So a man has been killed by a shark off the coast of Western Australia. Tragic, of course. The Foreign Office, in its infinite and paternalistic wisdom, has now warned British tourists to ‘stay vigilant’. As if we needed a government pamphlet to remind us that the sea contains large, toothy predators. One almost expects a follow-up advisory: ‘Warning: the sun is hot. Apply sunscreen.’
Let us step back from the immediate horror and consider what this episode reveals about our age. We live in a society that has become morbidly obsessed with the elimination of all risk. We have sanitised our public spaces, padded our playgrounds, and filled our legislation with caveats and warnings. And yet the ocean, that vast and indifferent expanse, will not be tamed. It remains the last bastion of genuine, untrammelled danger. A shark attack is a reminder that nature does not care about your travel insurance.
But here is the contrarian thought: perhaps this is not a bad thing. Perhaps the very existence of such risks is what gives a holiday its edge, its authenticity. The Victorian traveller knew this. They went to the Orient with the understanding that dysentery, bandits, and shipwrecks were part of the package. Today’s tourist expects a bubble of safety from the moment they leave Heathrow. When that bubble bursts they are shocked, outraged. ‘Why was I not warned?’ they cry. But to be warned is to have the experience mediated, diminished.

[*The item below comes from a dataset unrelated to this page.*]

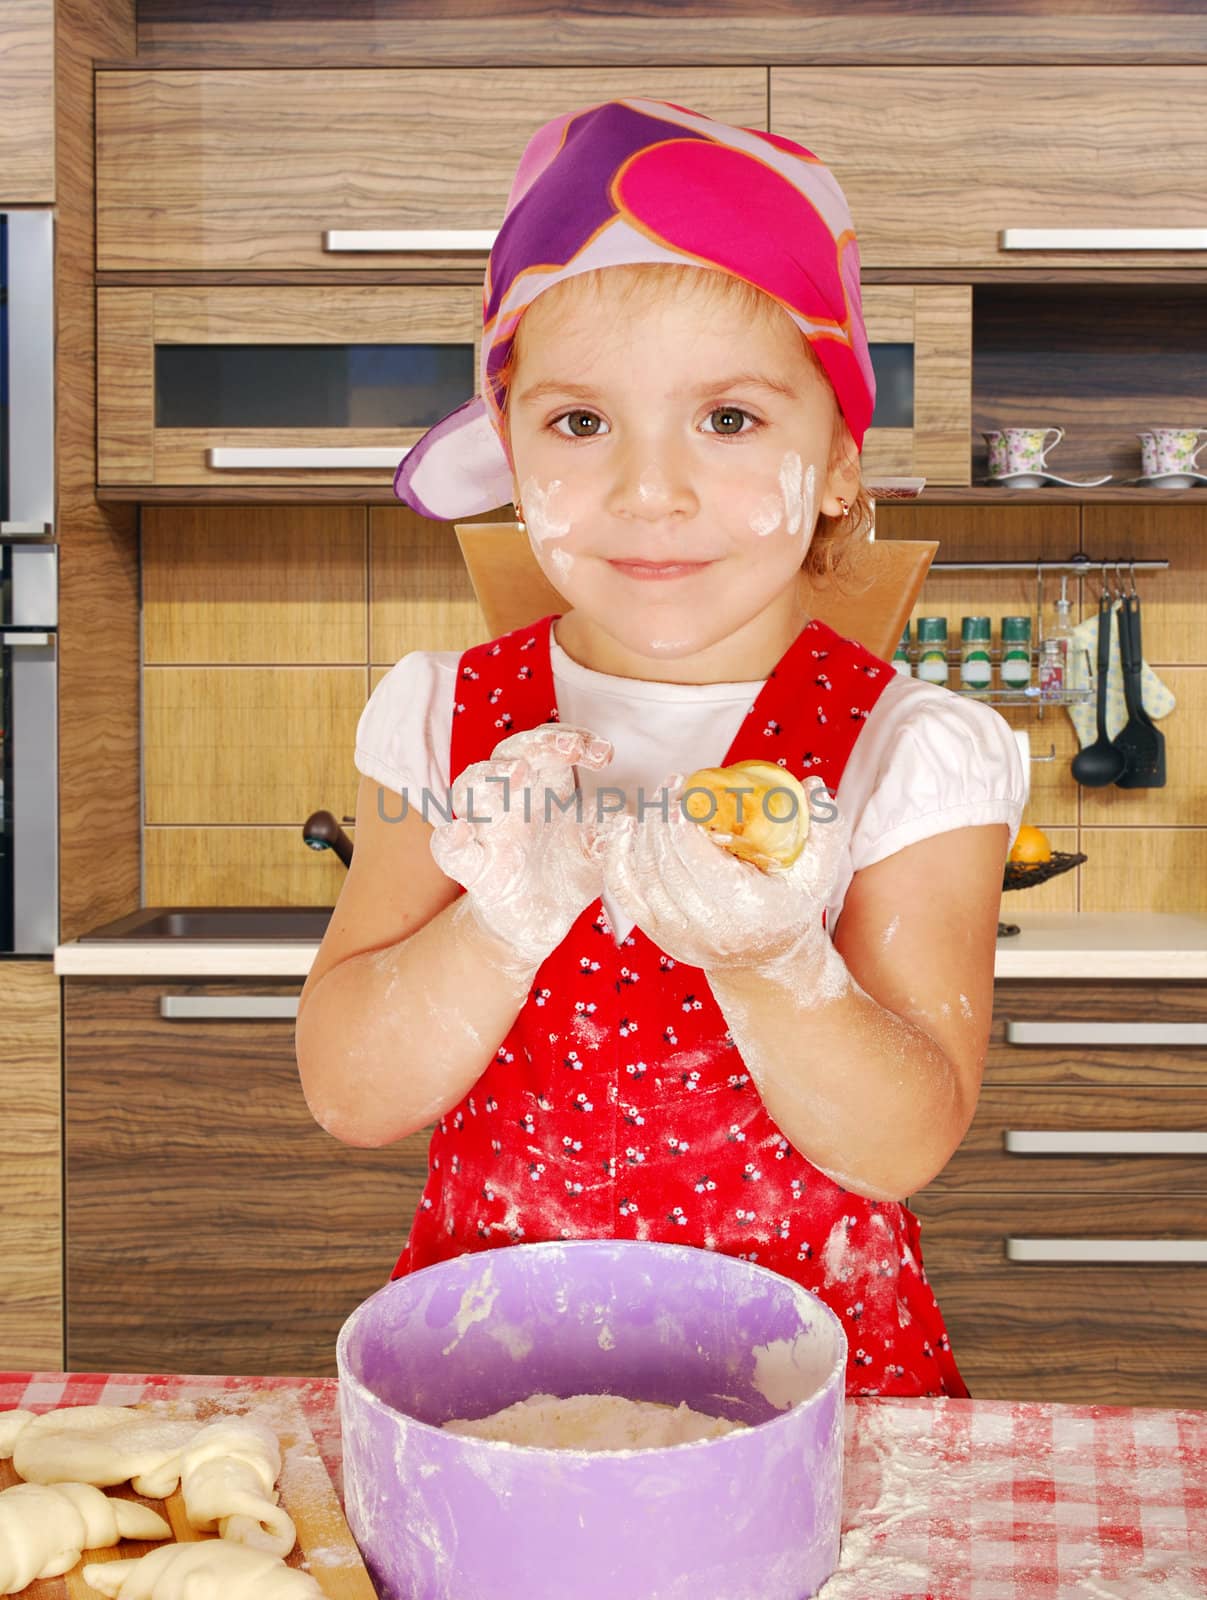 little girl make rolls in kitchen

I am not callous. I do not dismiss the grief of the man’s family. But I do dismiss the assumption that such tragedies are wholly avoidable. The sea is not a swimming pool. It is a wilderness. And when we enter a wilderness, we accept its terms. The Romans understood this. They saw the arena as a place where fate could strike without warning. The modern beach is its own arena.
What would the Victorians say? They would probably note that the decline of empire is marked by an obsession with safety. As Britain’s global power wanes, we retreat into a fortress of caution. We issue travel advisories. We ban things. We seek to control the uncontrollable. This is decadence. This is the mark of a people who no longer believe in their own capacity to face danger.
The real question is not how to prevent shark attacks. It is whether we are willing to accept that some dangers are inherent to life itself. If you swim in the sea, you might meet a shark. If you climb a mountain, you might fall. If you live, you will die. The attempt to eliminate all risk is a flight from mortality. And it is a flight that can never succeed.
So by all means, be cautious. But do not mistake caution for virtue. The man who died in Western Australia was not a fool. He was simply a man who went into the water. That is something we have all done, and will do again. And if the Foreign Office wants to issue a warning, let it be this: life is dangerous. Live anyway.